長岡是好日

2017.03.10

中くらい


3月ともなればさすがの長岡とて春である。

日も高くなり、日暮れも随分と遅くなった。
年が変わって早3ヶ月、もうすぐ年度も変わる。
皆さんはいかがお過ごしでしょうか。

3年前の今ごろは、転職を決めて新潟に帰る準備で大わらわだったころ。
当時の会社では春闘の真っ最中。
そんな中、社を離れるということで、同期や後輩を驚かせてしまったし先輩にも大変迷惑をかけた。
それでも、私の無理を快く受け入れてくれた諸先輩方の顔を思い出すと今も身が引き締まる。

あれから3年。
当時は金輪際の別れというような風情だったのだが、大げさだったと最近はなおさら思う。
考え方次第で、地域や時間の垣根は簡単に越えられる。
「SNS」が広まって久しい。
実際に顔を合わせるに越したことはないと思うが、そうせずとも互いの近況はおおよそ知っているし、ネット上でも「久しぶり」と声を掛け合うこともできる。

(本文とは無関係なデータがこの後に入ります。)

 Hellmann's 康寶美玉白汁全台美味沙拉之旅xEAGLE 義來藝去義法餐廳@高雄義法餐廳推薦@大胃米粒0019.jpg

先日、以前の同期に赤ちゃんが生まれたということで久しぶりに上京した。
岩手出身で現在は神奈川に住む彼女。
「ずっと東京にいていいのかな」二人でよく話したのを忘れない。
久しぶりに見た彼女は少しふっくらしていて、旦那さんと一緒に迎えてくれた。

「子どもも生まれたし」と彼女。
地元を思う気持ちはありつつも、これからも東京で暮らしていく決意を固めたようだった。
子どもや家庭を前にしては、様々、優先順位は変わらざるを得ないと思うが、それもまた考え方なのだろう。

「普通でいいんだよ」と、祖母はよく私にそう言った。
やりたいことと今できること。
それをどこまで頑張るか。線引きは難しい。

『めでたさも 中くらいなり おらが春』
江戸時代に活躍した俳人、小林一茶は、ある春の日にこう詠んでいる。

中くらい。
それが一番難しい。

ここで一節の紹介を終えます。